Real World Evidence Sciences, Visible Analytics Ltd, Oxford, UK
Division of Pharmacoepidemiology and Pharmacoeconomics, Dept. of Medicine, Brigham and Women's Hospital and Harvard Medical School, Boston, Massachusetts, USA.
BMJ Evid Based Med. 2022 Apr;27(2):109-119. doi: 10.1136/bmjebm-2020-111493. Epub 2020 Dec 9.
High-quality randomised controlled trials (RCTs) provide the most reliable evidence on the comparative efficacy of new medicines. However, non-randomised studies (NRS) are increasingly recognised as a source of insights into the real-world performance of novel therapeutic products, particularly when traditional RCTs are impractical or lack generalisability. This means there is a growing need for synthesising evidence from RCTs and NRS in healthcare decision making, particularly given recent developments such as innovative study designs, digital technologies and linked databases across countries. Crucially, however, no formal framework exists to guide the integration of these data types.

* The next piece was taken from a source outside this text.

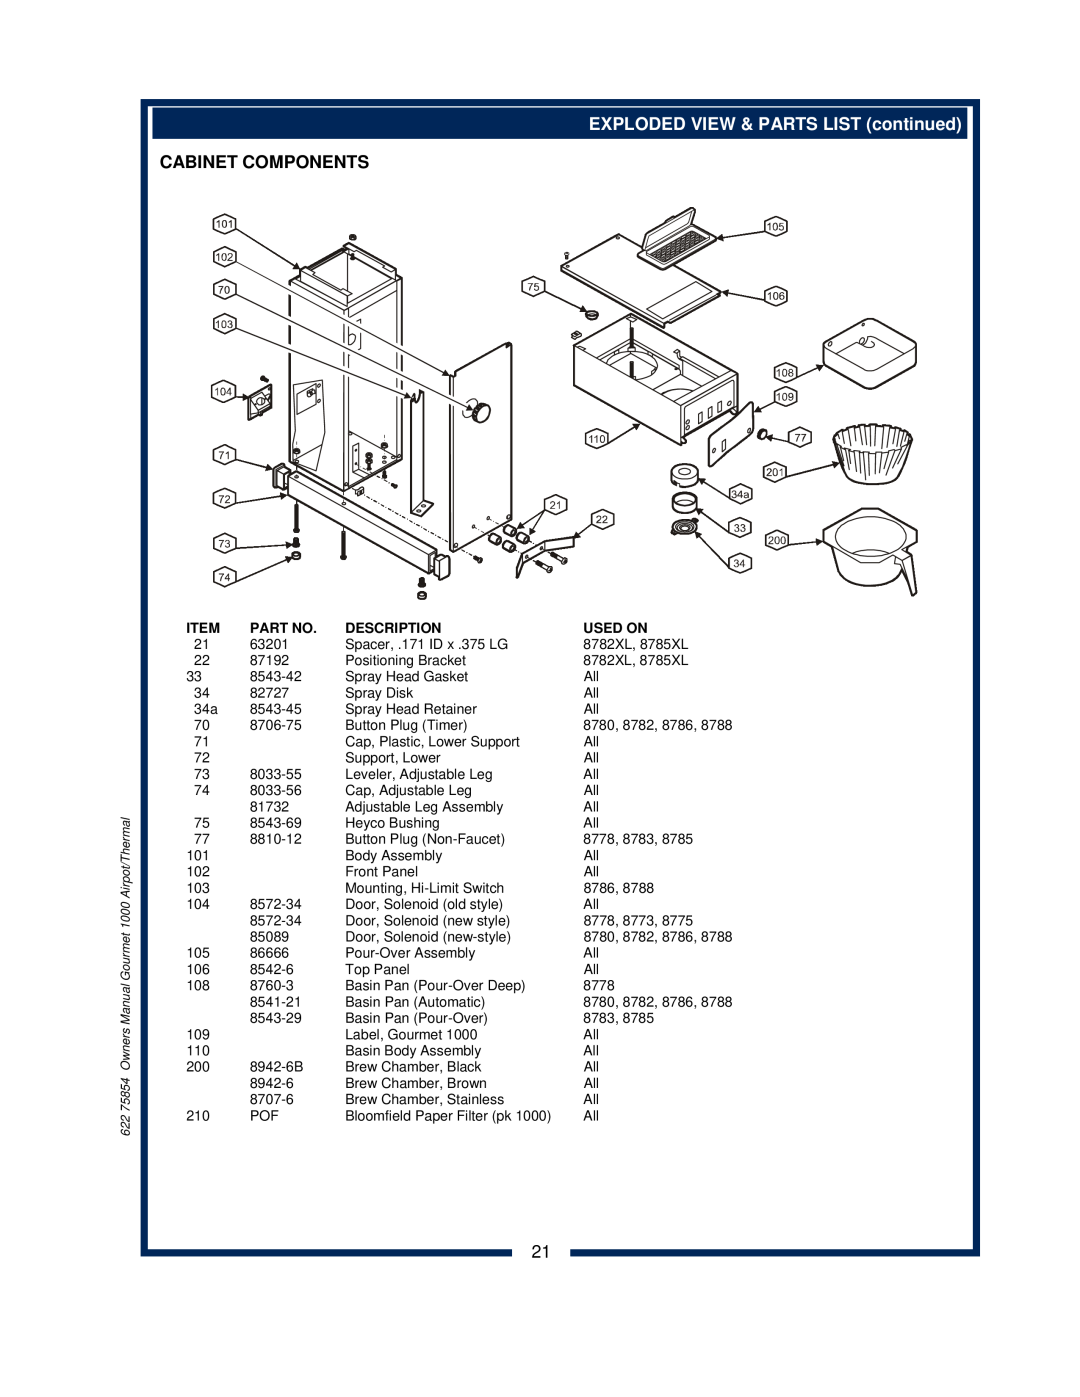 Bloomfield 8778, 8785, 8783, 8786, 8780, 8788 Cabinet Components, EXPLODED VIEW & PARTS LIST continued, Description, Used On 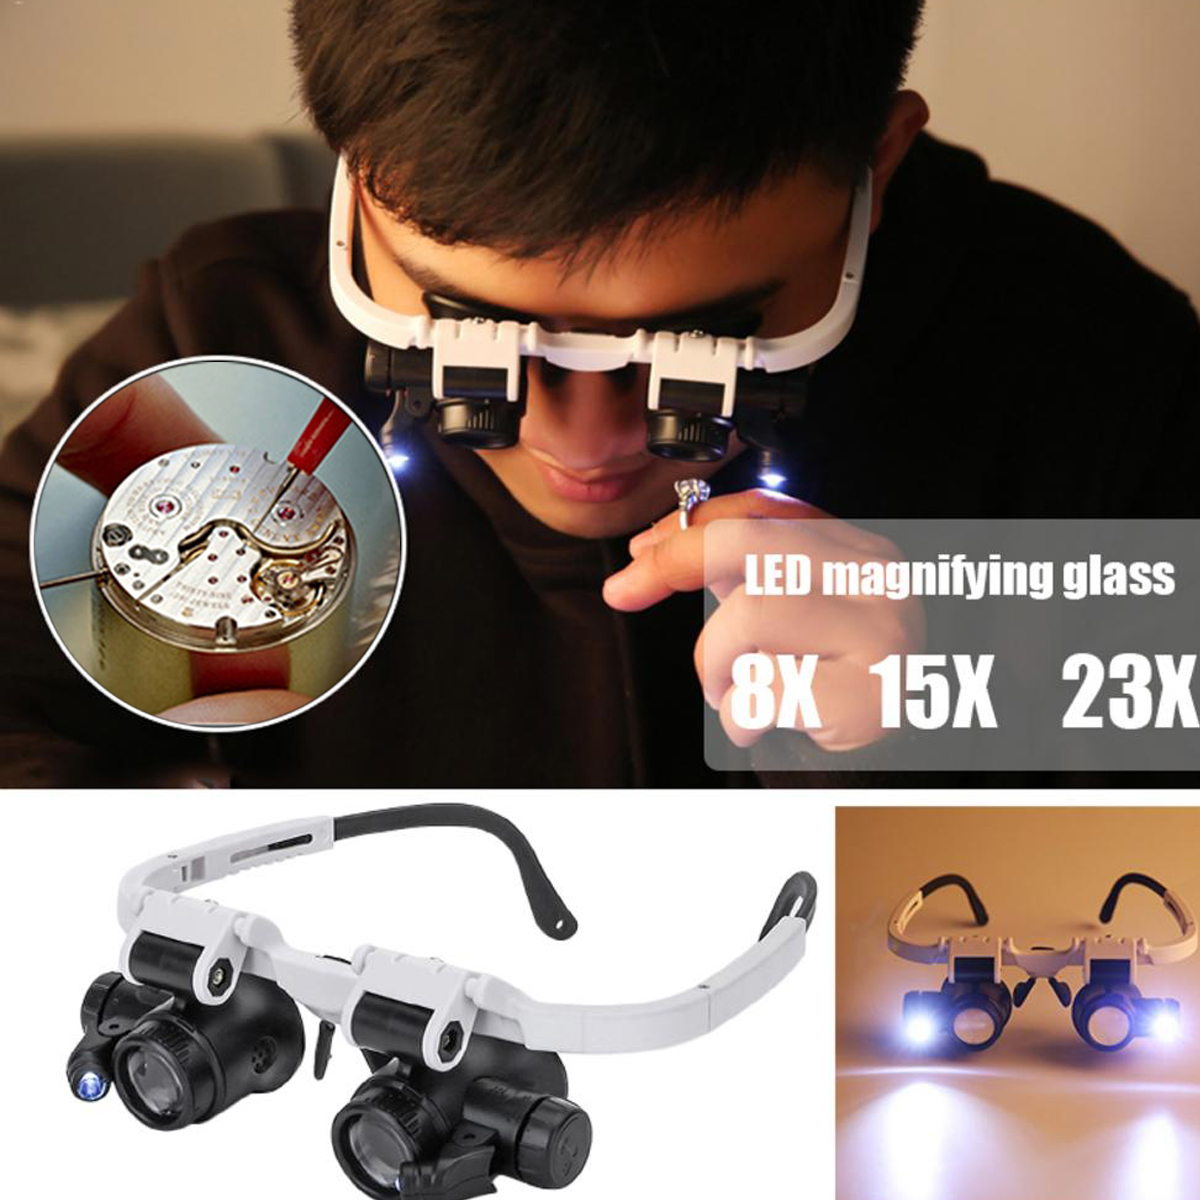 Headband-Head-Mounted-Repair-LED-Lamp-Light-Magnifying-Glass-Magnifier-Loupe-1623754-2

To address this gap, we used a mixed methods approach (review of existing guidance, methodological papers, Delphi survey) to develop guidance for researchers and healthcare decision-makers on when and how to best combine evidence from NRS and RCTs to improve transparency and build confidence in the resulting summary effect estimates.

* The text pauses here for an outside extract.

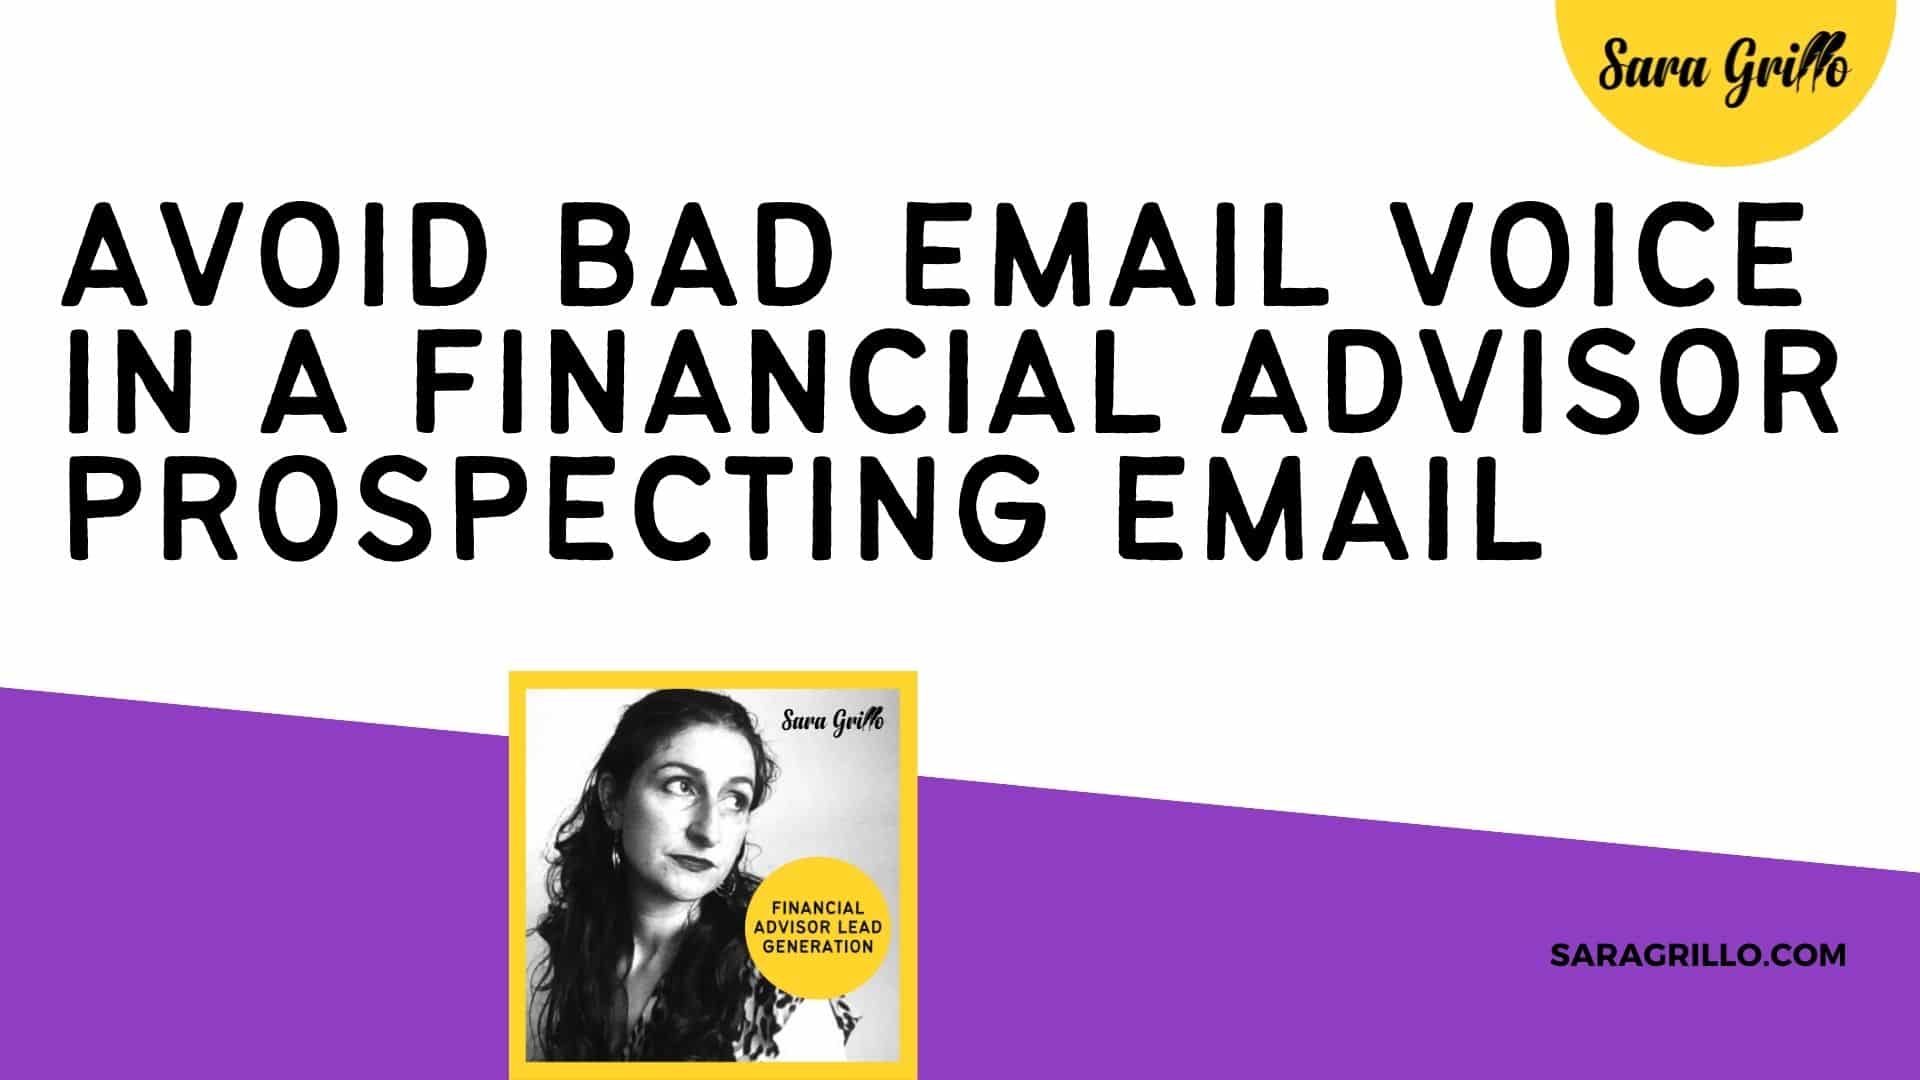 In this blog we talk about how to avoid having a bad email voice in a financial advisor prospecting email.

Our framework comprises seven steps on guiding the integration and interpretation of evidence from NRS and RCTs and we offer recommendations on the most appropriate statistical approaches based on three main analytical scenarios in healthcare decision making (specifically, 'high-bar evidence' when RCTs are the preferred source of evidence, 'medium,' and 'low' when NRS is the main source of inference).

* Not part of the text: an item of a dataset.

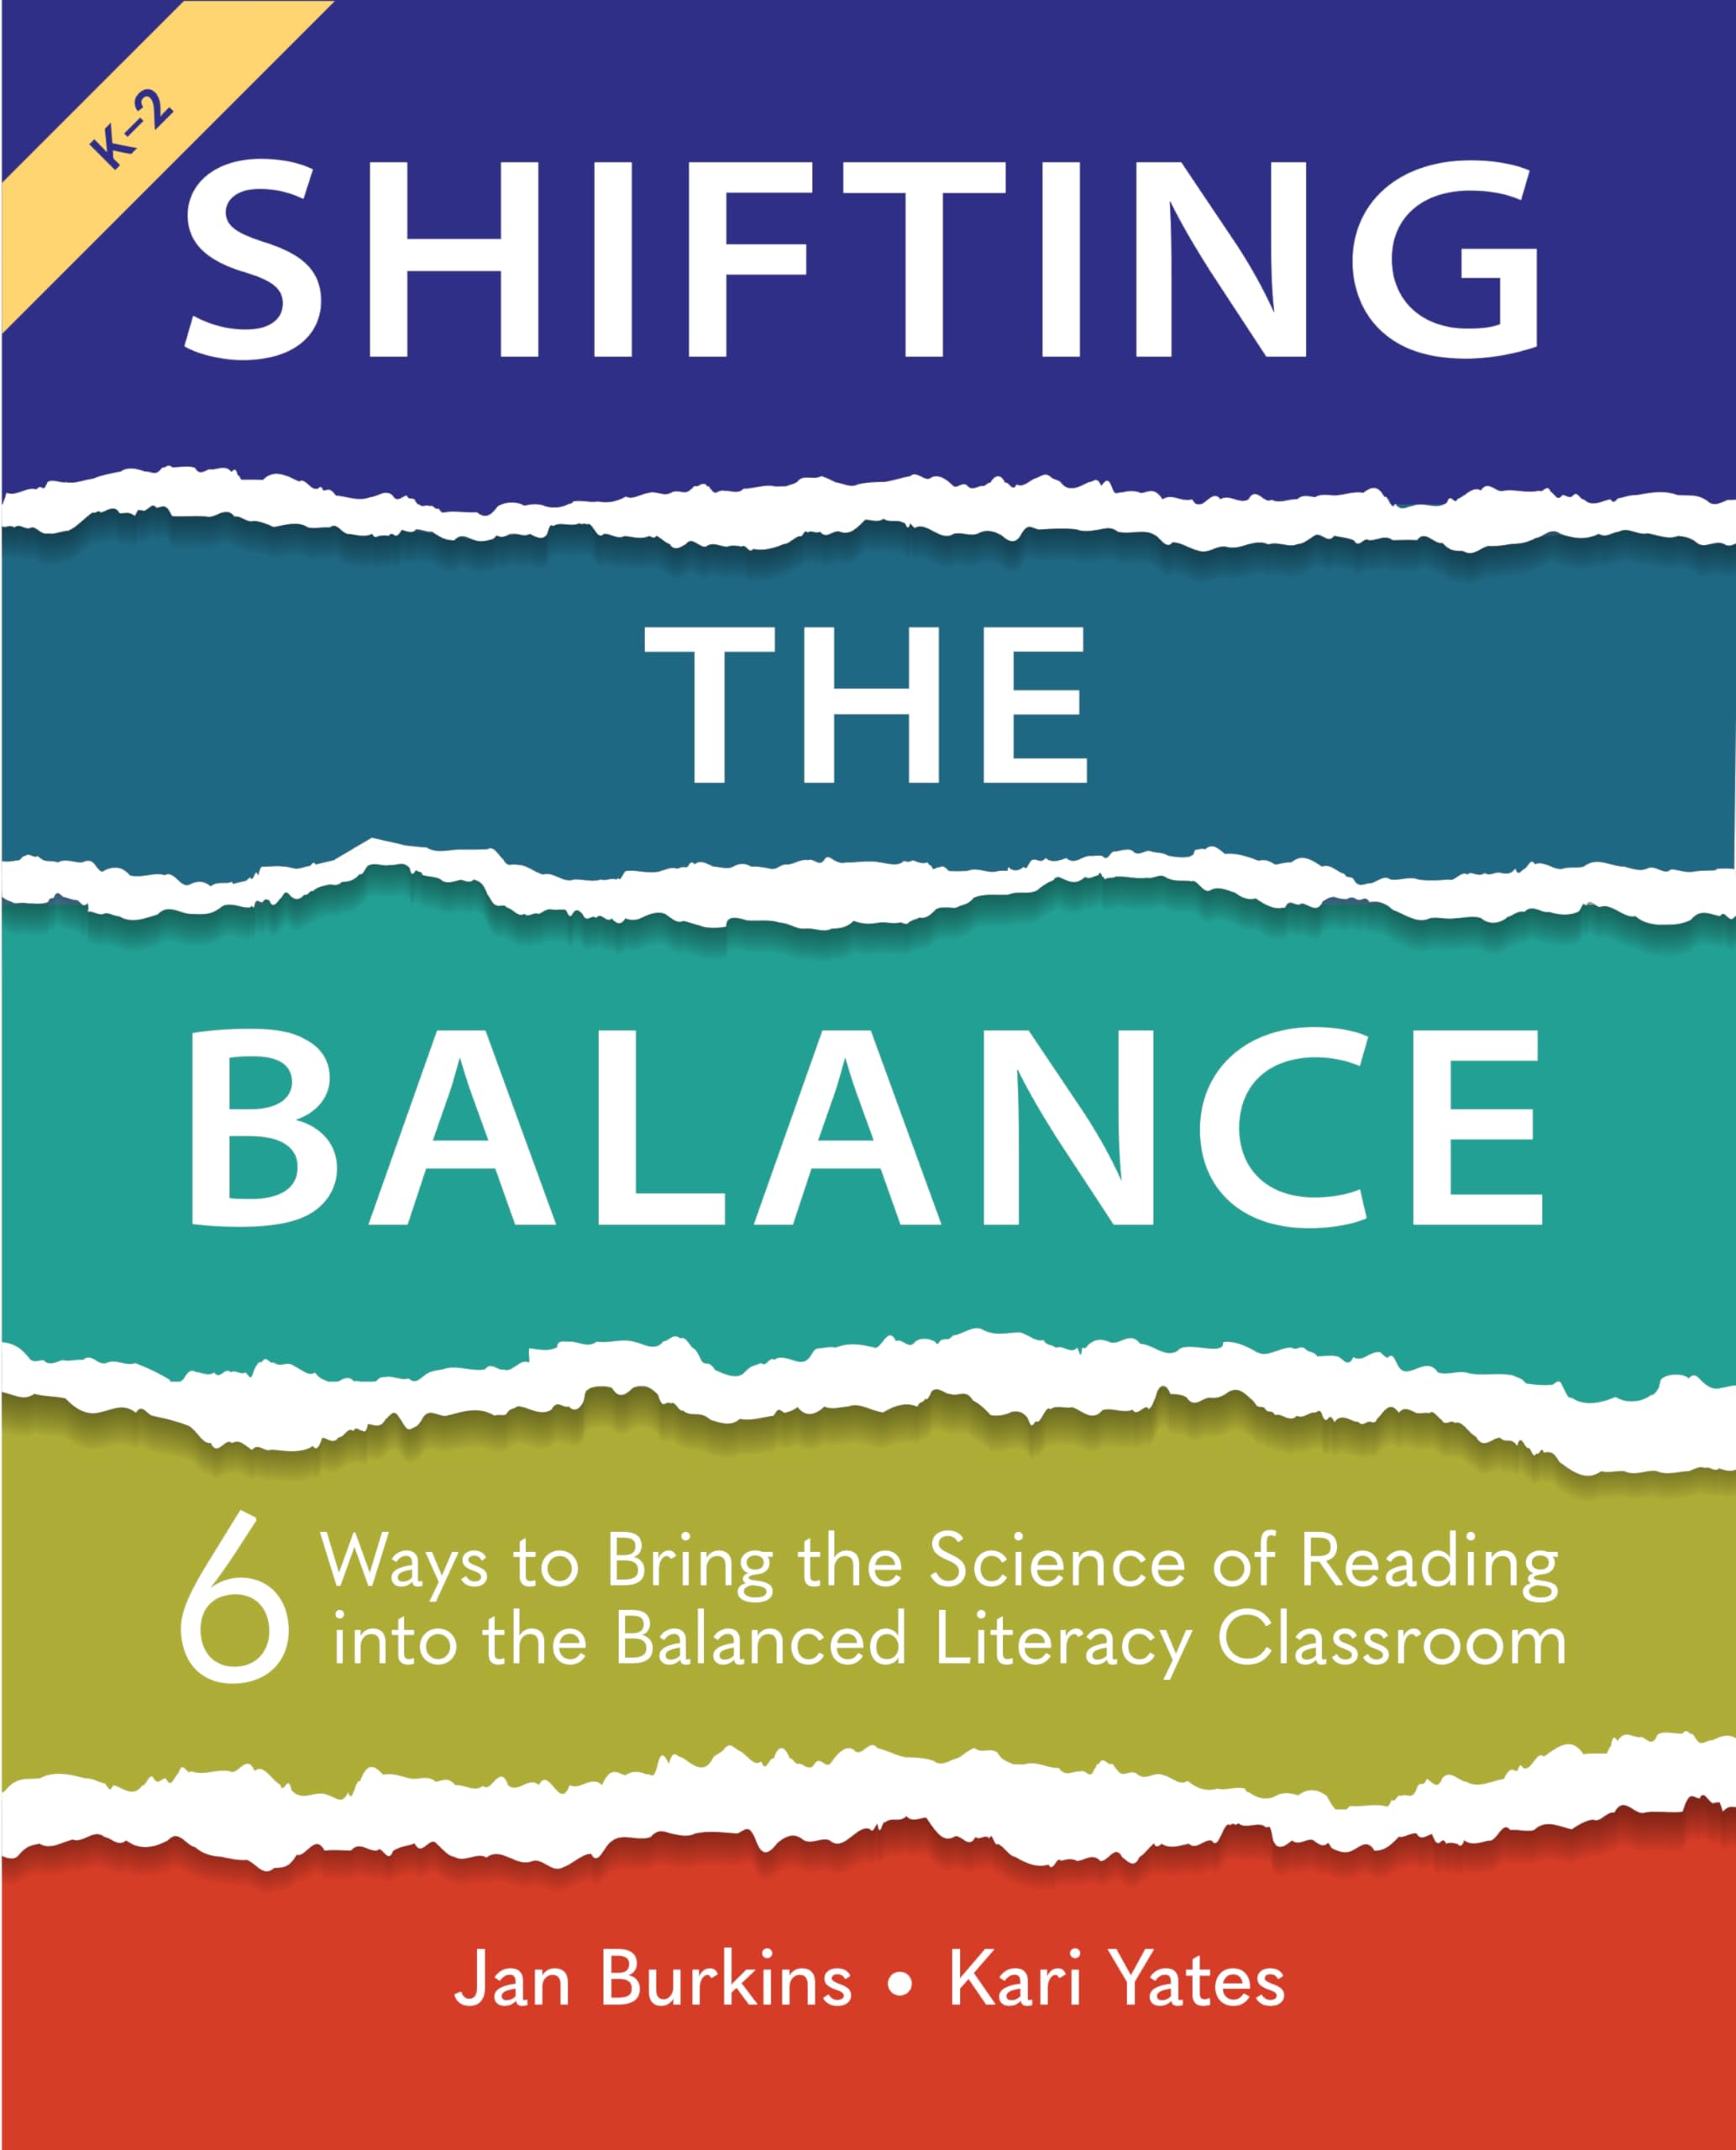 Shifting the Balance: 6 Ways to Bring the Science of Reading Into the Balanced Literacy Classroom by Burkins, Jan

Our framework augments existing guidance on assessing the quality of NRS and their compatibility with RCTs for evidence synthesis, while also highlighting potential challenges in implementing it. This manuscript received endorsement from the International Society for Pharmacoepidemiology.
高质量的随机对照试验(RCT)为新药的比较疗效提供了最可靠的证据。然而,非随机研究(NRS)越来越被认为是了解新型治疗产品在实际应用中性能的一种来源,尤其是当传统 RCT 不切实际或缺乏普遍性时。这意味着在医疗保健决策中越来越需要综合 RCT 和 NRS 的证据,特别是考虑到最近的一些发展,如创新的研究设计、数字技术和跨国界的关联数据库。然而,至关重要的是,目前还没有正式的框架来指导这些数据类型的整合。
为了解决这一差距,我们使用混合方法(对现有指南、方法学论文、德尔菲调查的回顾)为研究人员和医疗保健决策者制定了指导意见,说明何时以及如何最好地结合 NRS 和 RCT 的证据,以提高透明度并增强对最终综合效果估计的信心。
我们的框架包括七个步骤,用于指导 NRS 和 RCT 证据的整合和解释,我们根据医疗保健决策中的三个主要分析情况(特别是 RCT 是首选证据来源时的“高门槛证据”,NRS 是主要推断来源时的“中”和“低”),就最适合的统计方法提出了建议。
我们的框架补充了现有的关于评估 NRS 质量及其与 RCT 进行证据综合的兼容性的指南,同时还强调了实施该框架的潜在挑战。本文得到了国际药物流行病学学会的认可。